Потому что в это время заряжал кассету, стоя перед кроватью на коленях, и руки его прятались под одеялом, и холодная пленка скользила между пальцами.
Агнесе пришлось ждать за дверью две минуты. И когда она вошла в комнату, то первая фраза уже была неуместна. А без этой фразы она не знала, с чего начать, потому что та фраза казалась ей ниточкой, с которой разматывался клубок.
Может, она должна была открыть дверь и сказать, как выдохнуть:
- Я пришла.
Но теперь, когда она две или три минуты торчала возле порога, говорить это было бессмысленно.
- Я увидела у вас свет. И зашла.
Ложь была наивной, словно детский рисунок. Агнеса догадалась об этом, лишь произнесла последнее слово. Естественно, Грибанов заряжал кассету в темноте. И щелкнул выключателем, уже открывая дверь.
- Завтра уезжаю, - сказал он.
- Как?! Совсем? И вы больше никогда не приедете сюда? - спросила она с печалью в голосе.
- Жизнь корреспондента как ветер, туда-сюда… Прикажут, приеду, - ему не хотелось разговаривать и тем более проявлять любезность.
- Если я прикажу?
- Вы не прикажете, Агнеса. Это вам просто сегодня кажется.
- Я не видела вас два дня. Я раньше не знала, что два дня - это так много.
- Мне пришлось съездить в Никель.
- И вы нашли то, что искали?
- Так бывает всегда… И вы найдете.
Она расстегнула пальто. И он помог снять его. И повесил на вешалку. Пестрый платок повис на спинке кровати, а сама Агнеса села на кровать, коснувшись плеча-ми стены. Смотрела на него пристально и очень серьезно, будто что-то взвешивала, что-то решала чрезвычайно важное для себя. Он не сел рядом с ней, а остался стоять возле стола, где без всякого порядка лежали объективы, пленки, фотоаппараты.
И ему не понравилось… Его покоробило, как от фальшивой ноты: она сказала вдруг капризно:
- Я хочу, чтобы вы подошли ближе.
Нет, нет. Будем надеяться, это была не та, первая фраза. Первая фраза представлялась ему красивой, как сама Агнеса. Он сказал:
- Не надо. - И тут же сам оплошал: произнес вяло, без гордости: - У меня дочь перешла в девятый класс.
Агнеса смежила ресницы.
- Можете считать, что вы меня очень обрадовали.
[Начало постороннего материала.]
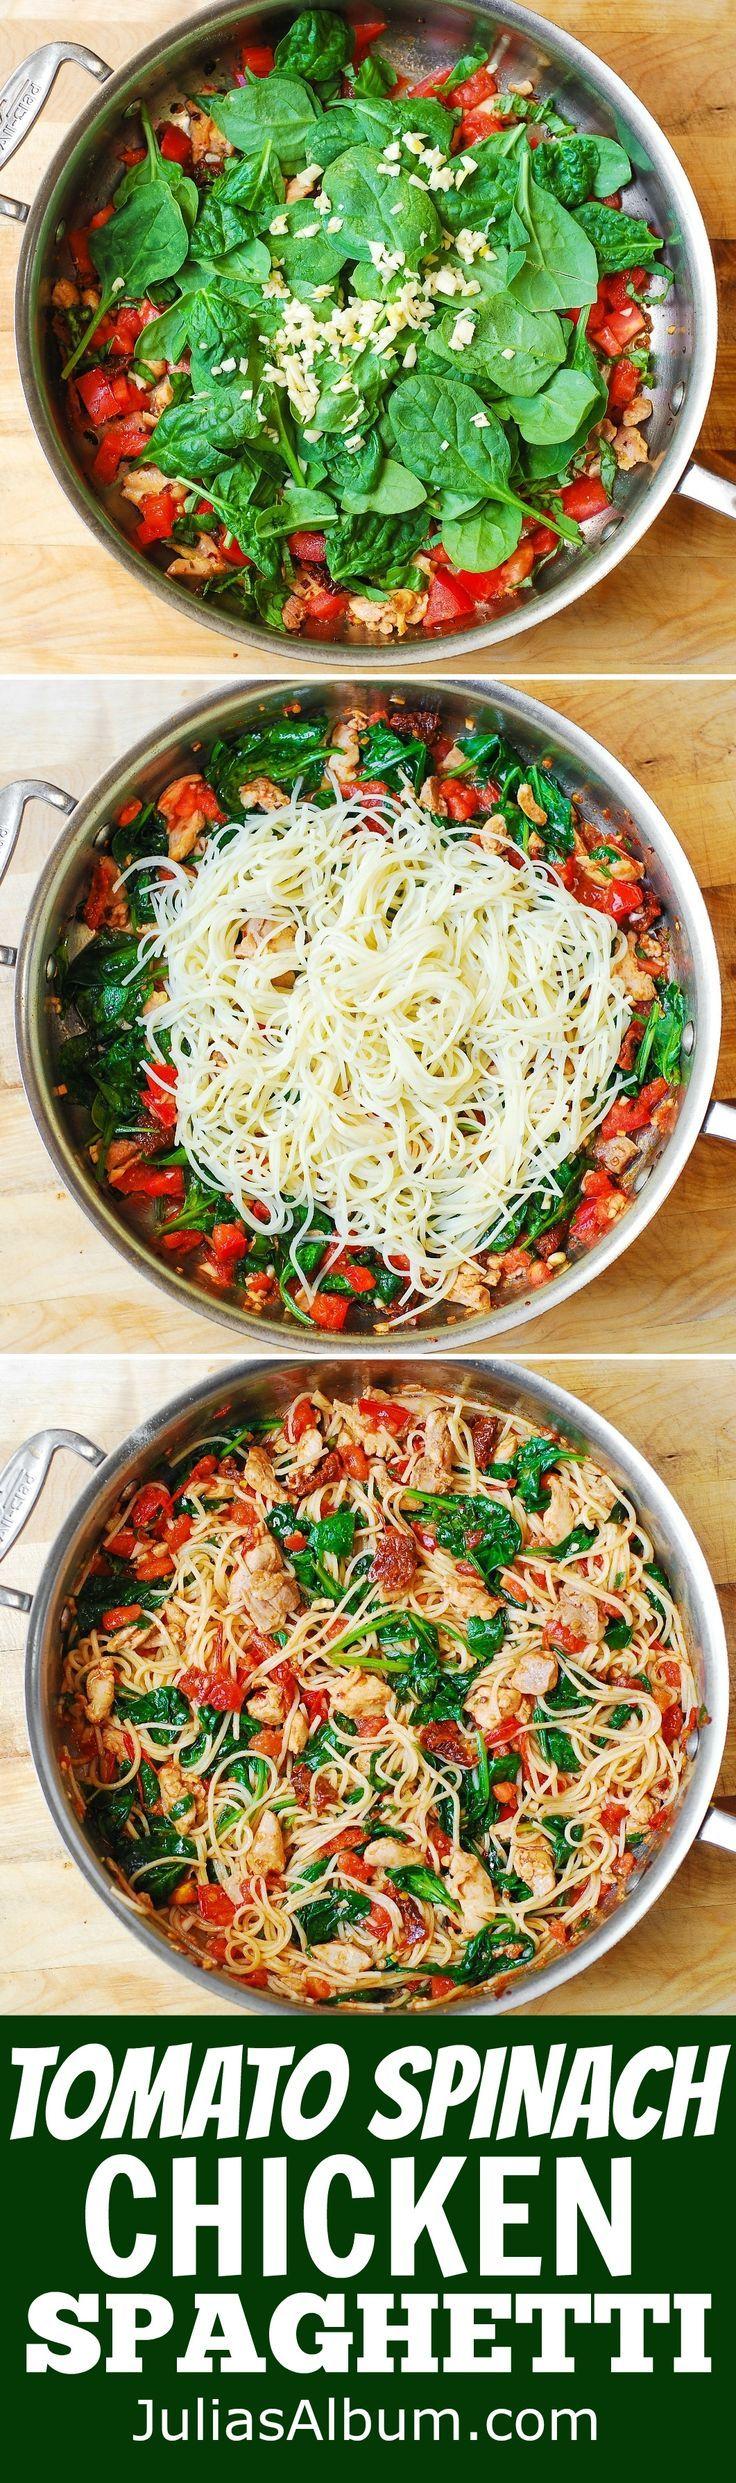 Tomato Basil Spinach Chicken Spaghetti Healthy Light

В коридоре захныкала маленькая девочка:
- Мама, я посадила кляксу.
Зашлепали шаги. Женщина певуче заметила:
- Пальчики у тебя непослушные.
Через минуту молчания он сказал ей «ты», ибо, несмотря на то, что он как вкопанный стоял возле стола, а она сидела на его смятом одеяле, между ними уже случилось что-то. Оттолкнувшее, сблизившее? Видимо, все-таки сблизившее, потому что он спросил:
- Ты любишь Санина?
- Здесь больше никого нет, - голос у нее был не звонкий, а глухой. И Грибанов теперь не был уверен, что она красивая.
- Он делал предложение?
- Я не выйду за него замуж. Я тоже хочу много счастья. Я имею право?
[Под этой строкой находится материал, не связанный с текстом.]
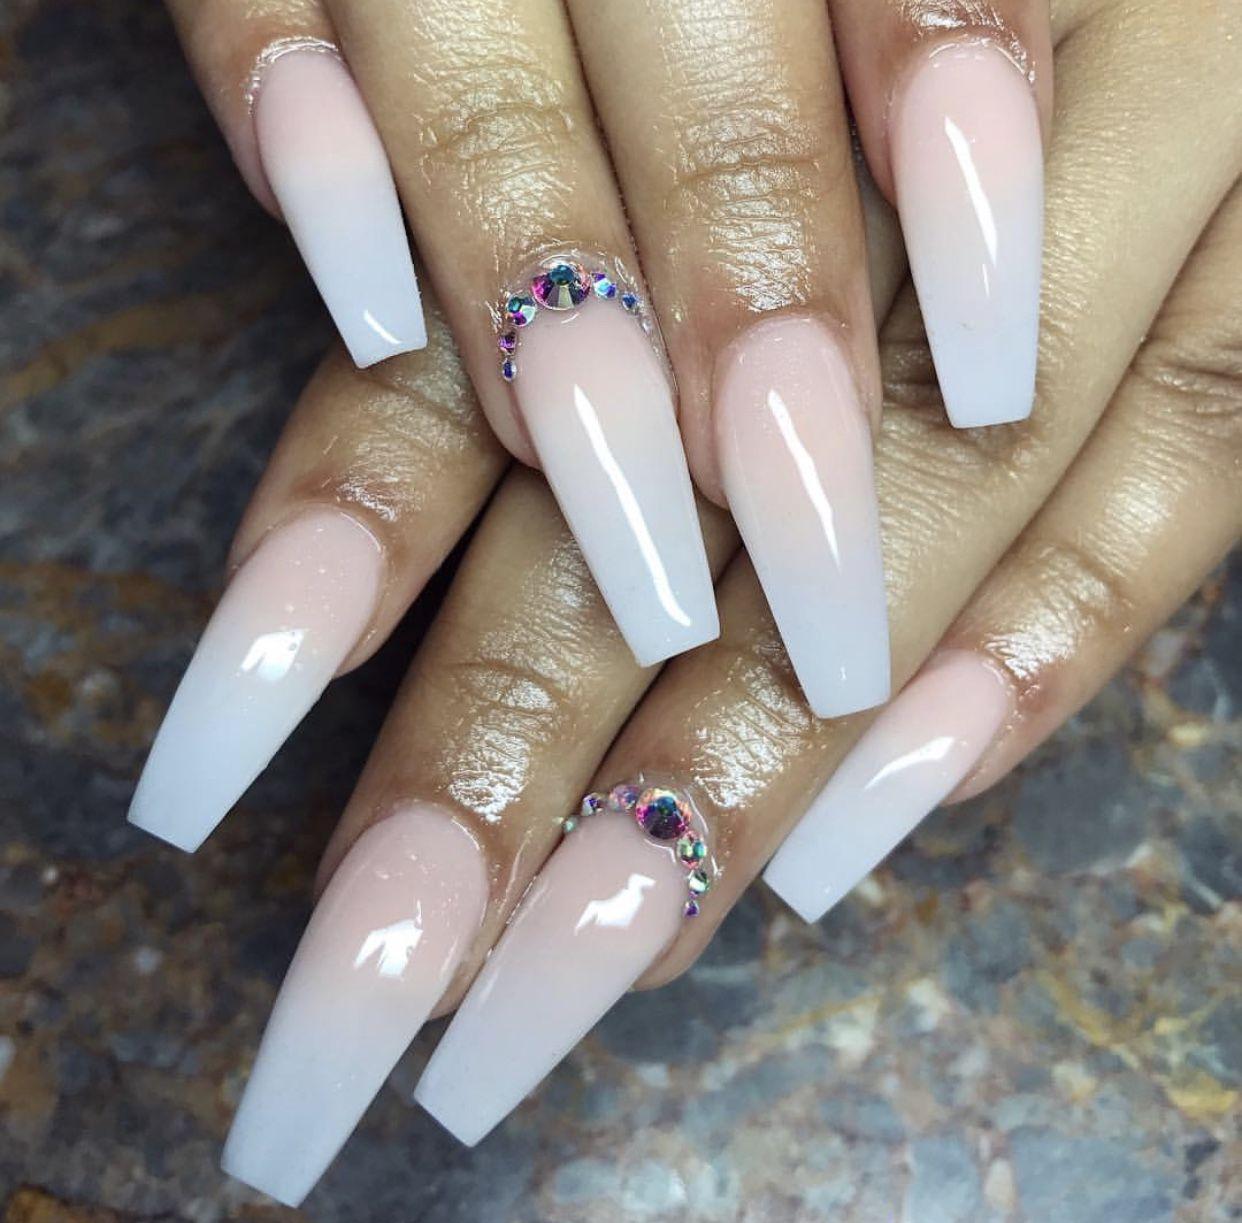 Pinterest @anyra_h❣ | C L A W S ✨ | Pinterest | Natural nails ...

- Имеешь… Только оно… - Грибанов мучительно трудно подыскивал слова. - Словно лицо, словно сердце… Его не дашь взаймы, если даже очень хочешь.
- Я умею гадать на картах, - говорила она, словно шептала. А быть может, это говорила и не она, а сама темнота в комнате и там, за окном, - я могу предсказать тебе дорогу.
- Моя дорога лежит на юг. Прямо-прямо на юг. К самому Черному морю.
- Я никогда не видела Черного моря. Оно красивое?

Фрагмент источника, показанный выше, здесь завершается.